MATERIAL SHOWN
-=-=-=-=-
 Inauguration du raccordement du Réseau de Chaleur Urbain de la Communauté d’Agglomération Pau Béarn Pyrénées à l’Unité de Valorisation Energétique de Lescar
-=-=-=-=-
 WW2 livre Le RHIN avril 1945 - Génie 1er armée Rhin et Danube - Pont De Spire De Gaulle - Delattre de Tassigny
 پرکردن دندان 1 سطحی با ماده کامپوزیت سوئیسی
-=-=-=-=-
TASK TO CARRY OUT
In the data above, start at the line that has "WW2 livre Le", stop after the line that has "پرکردن دندان 1 سطحی با ماده کامپوزیت سوئیسی", and print every line in between exactly as it stands.

ANSWER SPACE
 WW2 livre Le RHIN avril 1945 - Génie 1er armée Rhin et Danube - Pont De Spire De Gaulle - Delattre de Tassigny
 پرکردن دندان 1 سطحی با ماده کامپوزیت سوئیسی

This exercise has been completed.